Profile: artist
Alex Pearl
Alex Pearl trades on repetition, loss and the ‘destabilising language of humour’. Here he talks to Andrew Bryant about these and other forces at play as discussed in his Artists talking blog.
Andrew Bryant: Generally, your work is funny. It's sad as well, but the overall tone, I would say, is a humorous one. Would you agree?
Alex Pearl: Generally my work is sad, it's funny too, but the overall tone, I would say is a melancholic one. Actually I don't think the two ideas are separable for me. I once showed an animated piece to a group of students. It detailed all the ways I had considered killing myself while depressed. They laughed hysterically. I think it is this meeting of jest and anguish that interests me and is where I want my work to hang. Certainly, if it were just funny I wouldn't be happy with it, nor if it were merely sad. Also I have a desire to be slight and uncertain. It seems to me to be an interesting position to hold. Humour distracts and undermines, it takes away substance, but then again it doesn't. It is a destabilising language (tool?).
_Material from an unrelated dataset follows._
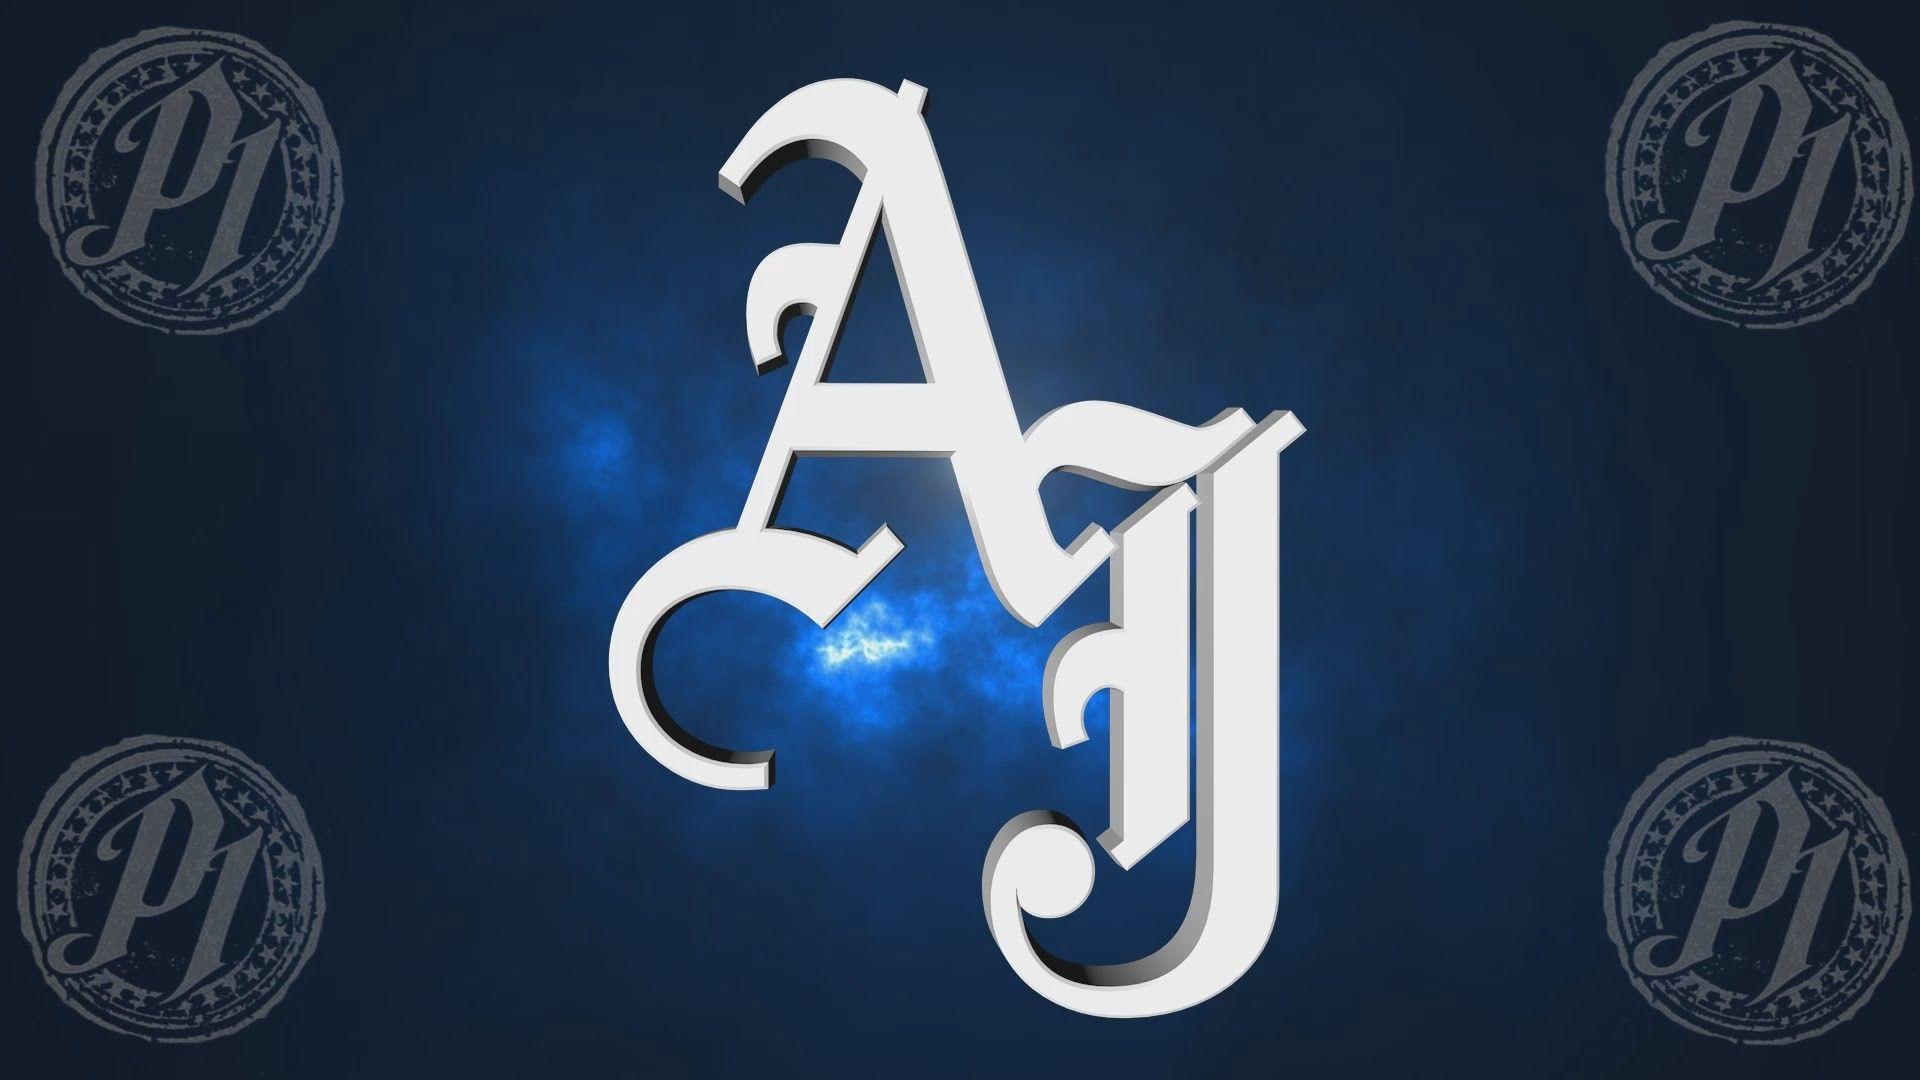 Best Of Aj Styles Wallpaper Phone Aj Styles Hd Wallpaper Tattoo Lettering Styles

There is also a deep rootedness of humour in human interaction. We share a joke; it is a communication of like minds and I've never wanted to make work that was drily theoretical or abstruse. The gods like a joke too.
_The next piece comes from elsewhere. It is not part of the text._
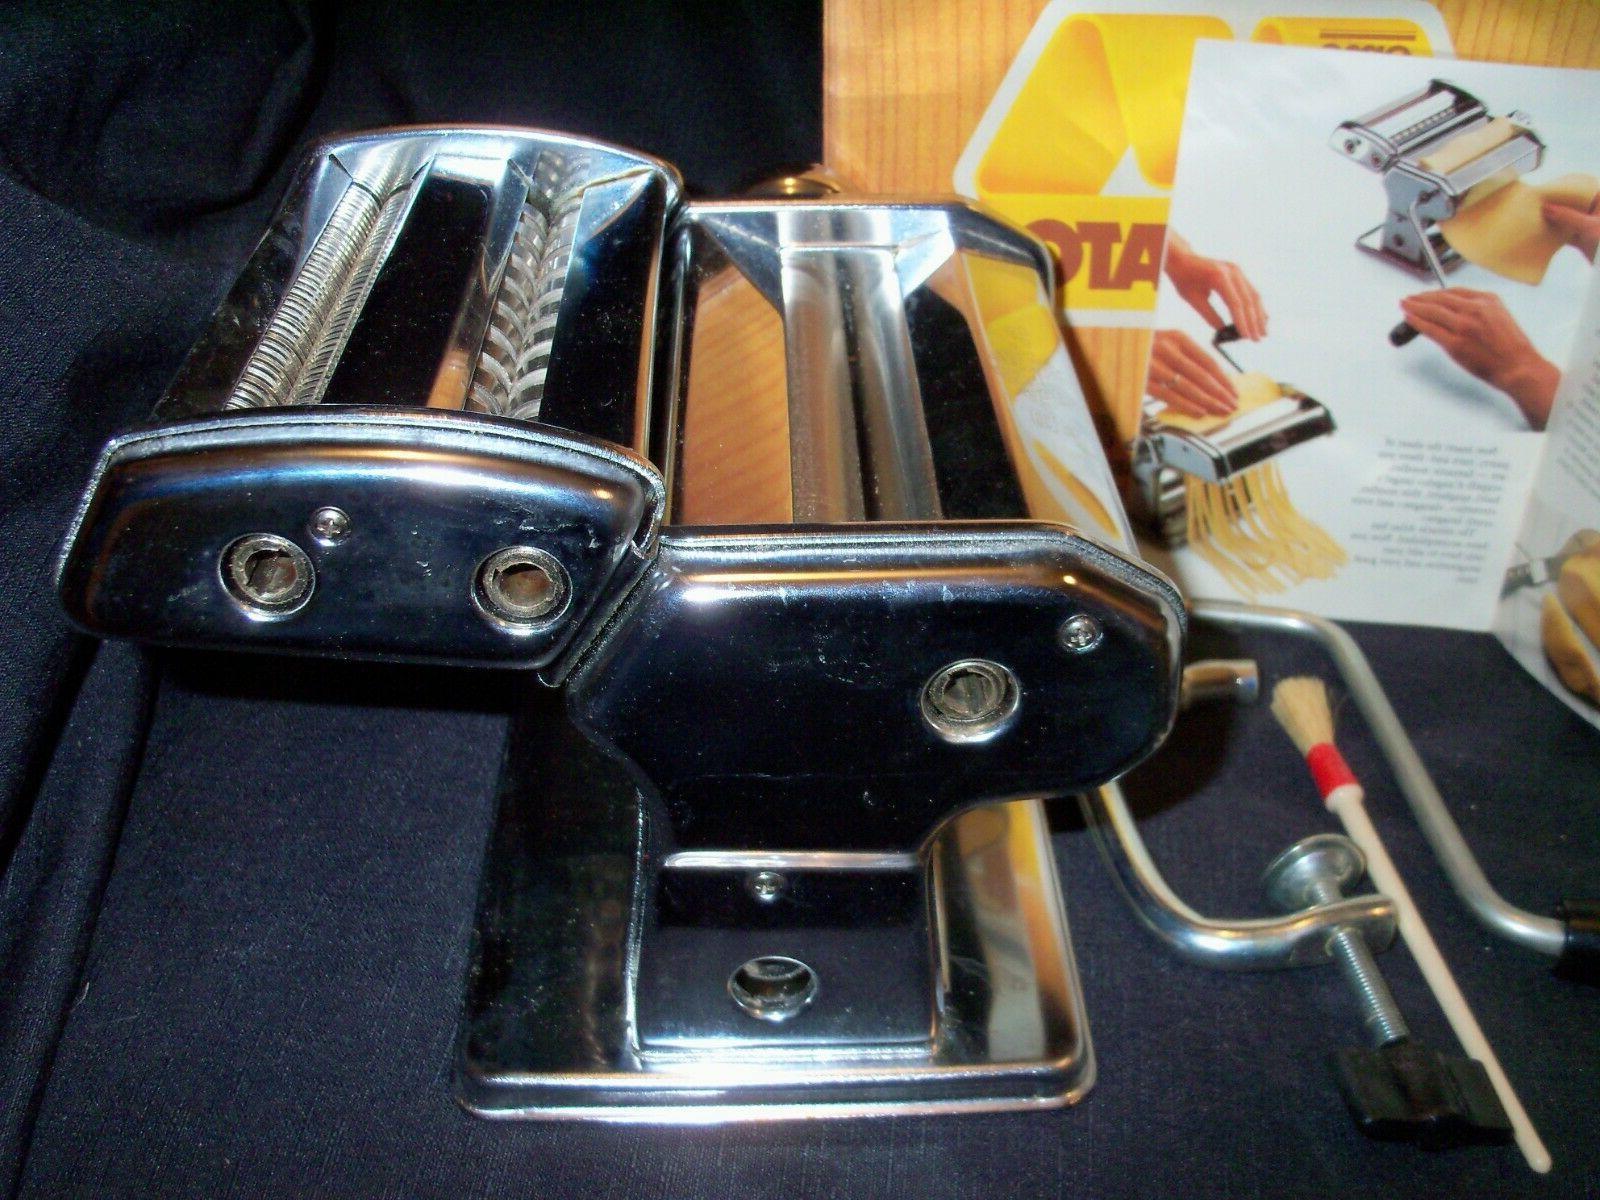 New OMC Marcato Atlas 150 Machine Pastabike w/box #2

AB: Yes, I like that, the idea that humour is destabilising. But at the same time doesn't it reinforce the thing it appears to destabilise? Both positions, melancholia and the joke, actually hold one another in position don't they?
AP: Oh certainly, that's a common idea in comedy both in comedic characters and the biographies of comics – Hancock, Sellers etc. It's a bit like those Thaumatrope illusions. I've also been interested in the Pierrot character since I was a student and used aspects of it in my personae for some of my blogs. There, I suppose, there is a sense of good-humoured resignation to outside forces natural and otherwise.
AB: Do you think humour might operate as a kind of redemption, letting us off the hook as it were? I'm thinking about how humour usually is an 'end game', it breaks the tension, it's a relief and a release. But a release from what? Complexity? Responsibility? Resistance? Is there a danger of the work becoming spectacle, turning us into passive viewers rather than active agents?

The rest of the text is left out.